Top: Spectrogram of a mid-frequency sonar signal (MFA) broadcast during sound playback in September 2007 as recorded on a tagged Mesoplodon densirostris. The direct arrival of the playback signal occurred at time 4.2–5.5 sec; sound energy at the same frequency later in the spectrogram represents reverberation of this signal arriving from other paths such as reflections from the surface and the seafloor. Low-frequency flow noise from swimming motions is also visible below 1 kHz. Bottom: Calculation of RMS sound levels in dB re 1 µPa in the 1/3^rd-octave band used for the analysis of the MFA and PRN signal (3111–3920 Hz). The thin black line uses a 10 msec window for calculating RMS, the thicker blue line uses a 200 msec window.

Figure 10. Illustration of the method used to estimate acoustic exposure for killer whale sounds.

Top: Spectrogram of a killer whale (Orcinus orca) signal broadcast during sound playback in September 2007 as recorded on a tagged Mesoplodon densirostris. The main killer whale signal occurred between 0.75–1.5 sec. The tagged whale produced a buzz from 6–9.5 sec. Bottom: Calculation of RMS sound levels in dB re 1 µPa. The thin black line shows the results from using a 10 msec window for calculating RMS, the colored lines indicate RMS energy in 1/3^rd-octave bands between 2 and 5 kHz over a 200 msec window. The blue line indicates the 1/3^rd-octave band between 1960–2467 Hz, the green line indicates the 1/3^rd-octave band between 2467–3111 Hz, the red line indicates the 1/3^rd-octave band between 3111–3920 Hz, and the cyan line indicates the 1/3^rd-octave band between 3920–4939.

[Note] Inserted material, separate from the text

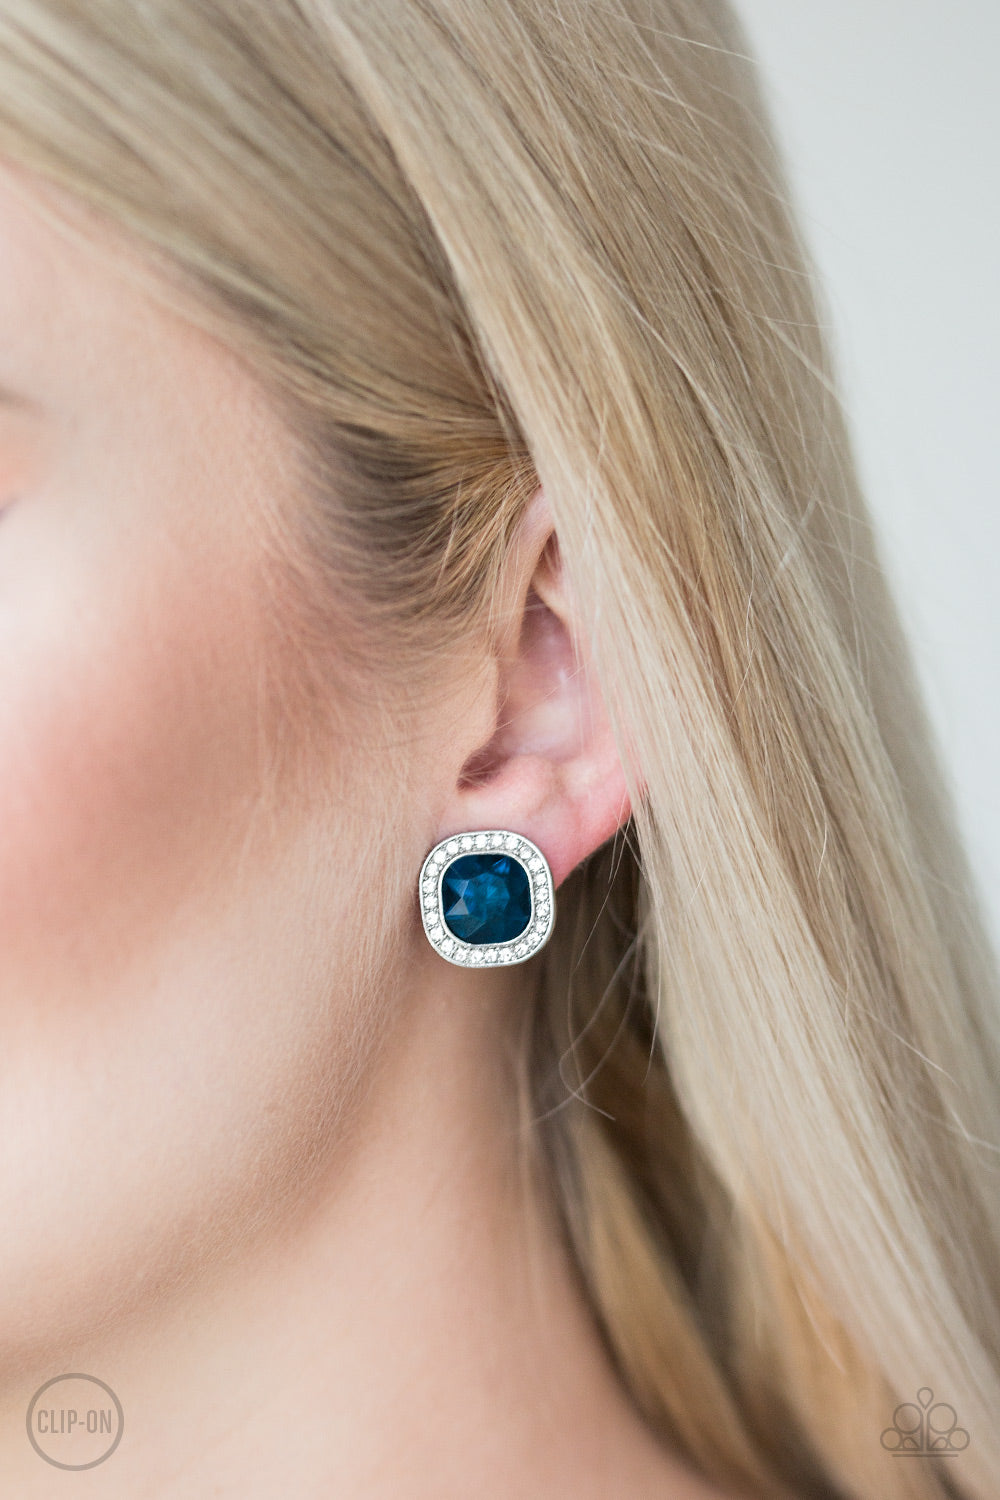 The Fame Game Clip-On Earrings - Blue

Figure 11. Illustration of the method used to estimate acoustic exposure for pseudo-random noise.

Top: Spectrogram of a pseudorandom noise (PRN) signal broadcast during sound playback in September 2008 as recorded on a tagged Mesoplodon densirostris. The direct arrival of the playback signal occurred at time 5.5–7 sec; sound energy at the same frequency later in the spectrogram represents reverberation of this signal arriving from other paths such as reflections from the surface and the seafloor. Low-frequency flow noise from swimming motions is also visible below 1 kHz. Bottom: Calculation of RMS sound levels in dB re 1 µPa based on a single 1/3^rd-octave band (3111–3920 Hz). The thin black line shows the results using a 10 msec window for calculating RMS, the thicker blue line used a 200 msec window.